Anonymization of the data using AWS Data brew

AWS has been a popular choice for cloud solutions and for all the right reasons. The following article suggests some approaches to designing a data privacy solution using AWS. They have been a part of my bachelor's thesis

Diagram

Components:

  1. AWS S3: As explained in the previous solution, s3 is an object-based service used to store the data

  2. AWS Glue DataBrew: This is a service by Amazon that aids data scientists and machine learning engineers in cleaning and normalizing the data.

  3. AWS Athena: Amazon Athena is a serverless, interactive analytics service built on open-source frameworks, supporting open-table and file formats. Athena provides a simplified, flexible way to analyze petabytes of data where it lives.

Explanation:

the data in question to be anonymized is stored in an s3 bucket. Moreover, Macie can be used to detect sensitive data from the already present data. The data from s3 is then loaded into the aws glue data brew which has jobs that mask the sensitive PII column-wise after the data is masked, the masked data is then stored in s3 which creates an external table on top of Athena

Drawbacks:

Using aws Macie to detect sensitive data might work for use cases where the user might have accidentally entered sensitive data such as credit card information inside the s3 bucket. In our use case, the data that we want to mask is just not sensitive data, but data that can be used in conjunction with other data to identify the users as well which is something where Macie fails. Additionally, the AWS data brew has limited support for masking the sensitive data and if the attacker knows the method or the technique using which the data was masked, it might be easy for the attacker to re-identify the data.

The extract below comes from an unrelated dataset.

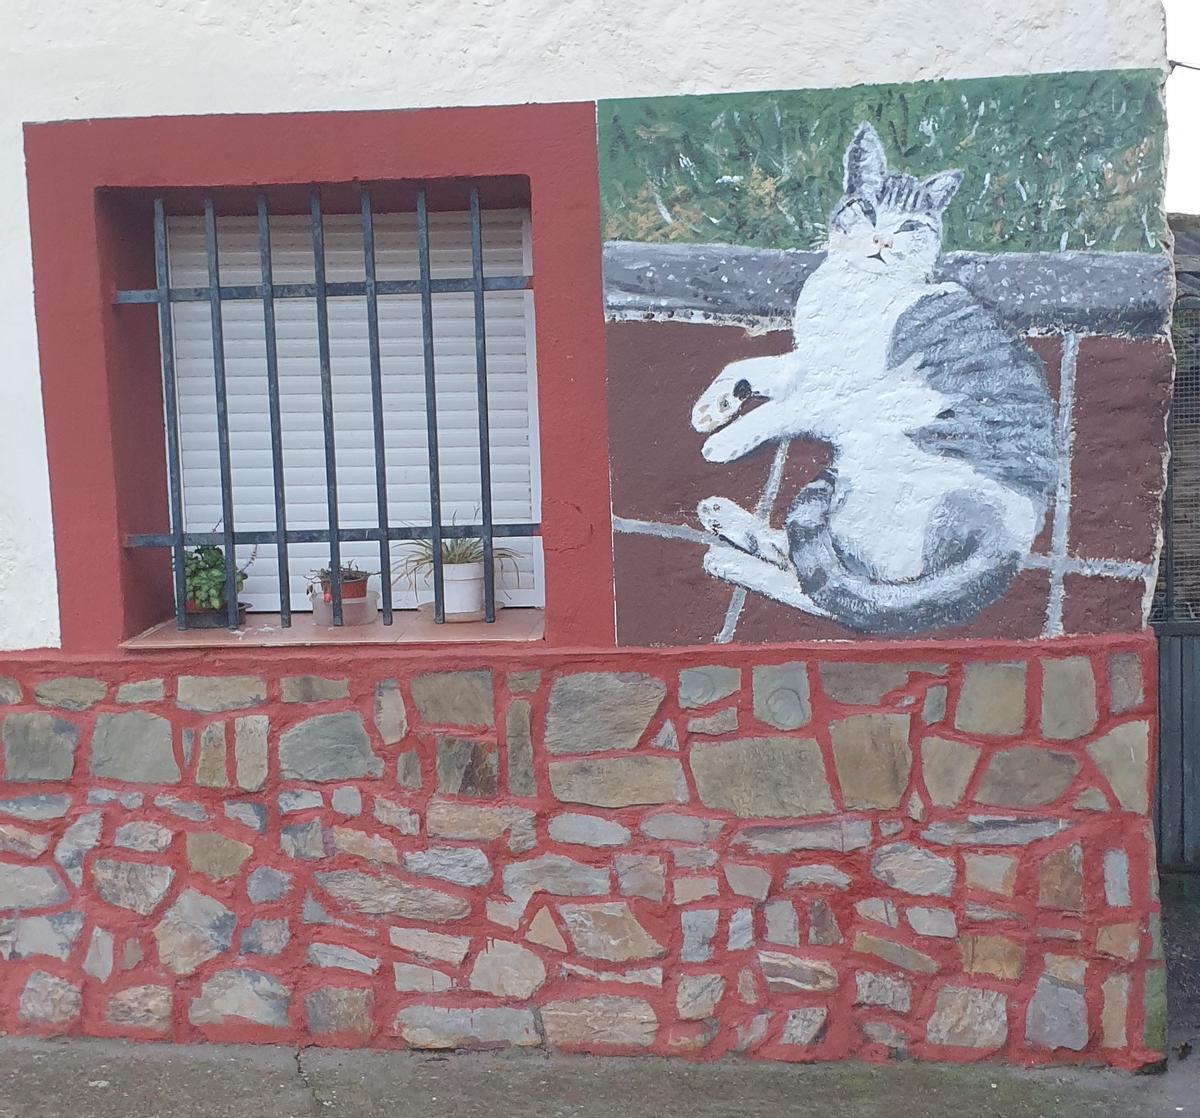 Un gato recostado protagoniza uno de los tres últimos murales realizados en Villaflor.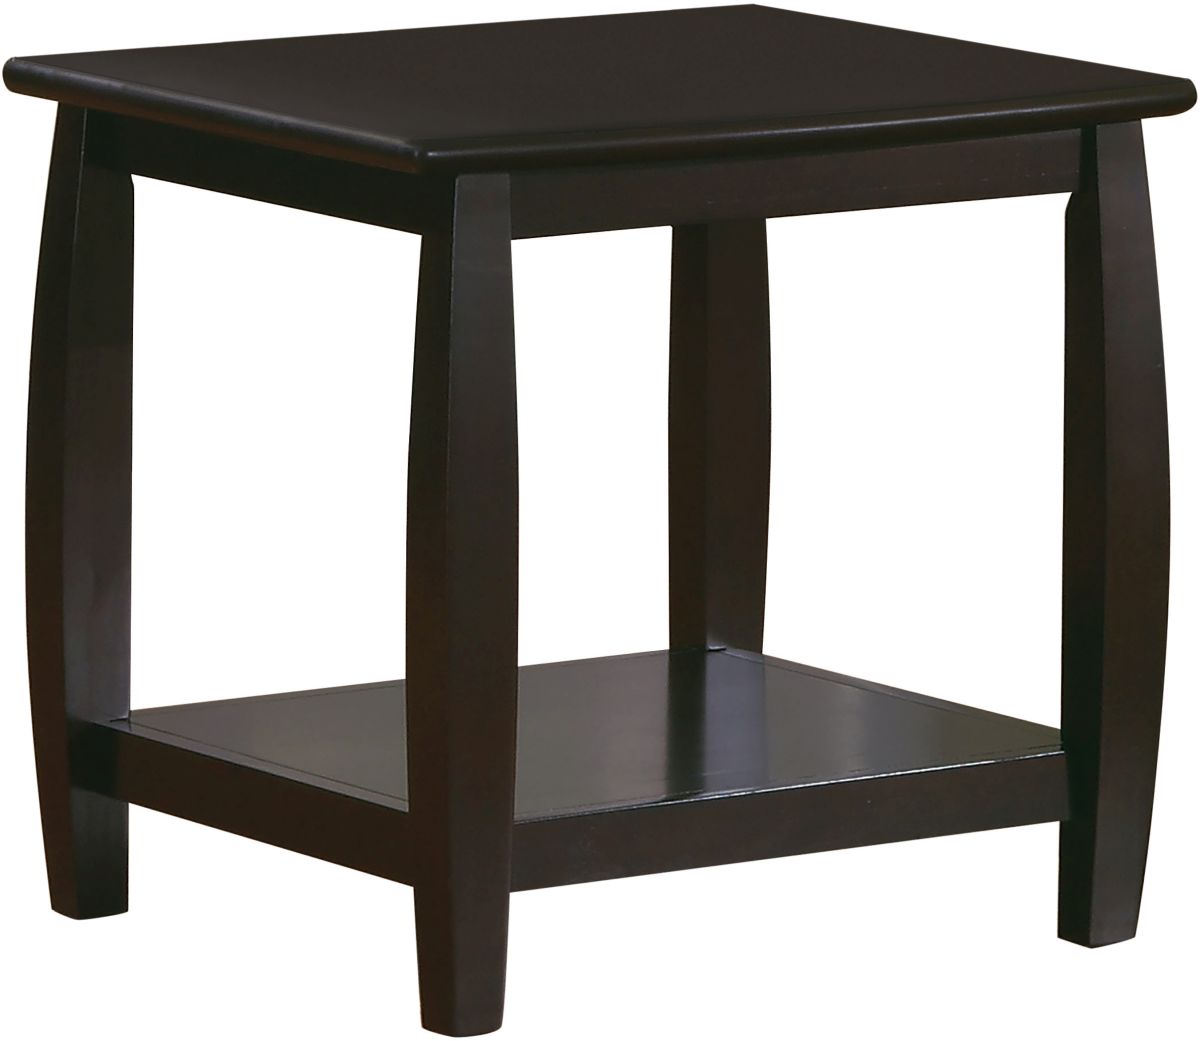 Coaster® Espresso Square End Table With Bottom Shelf

Data Anonymization Pipeline using Snowflake and airflow

Diagram

Components:

Snowflake: Snowflake is a SaaS data warehouse solution designed solely for the cloud, it supports popular cloud providers like GCP, AWS and Azure. Snowflake can be used to build a data warehouse and data lake right from your browser as Snowflake is a managed service

PYARXAAS: This is a popular Python module that is used as a static anonymization tool. Pyarxaas provides a wrapper to access functions for your local Arx instance.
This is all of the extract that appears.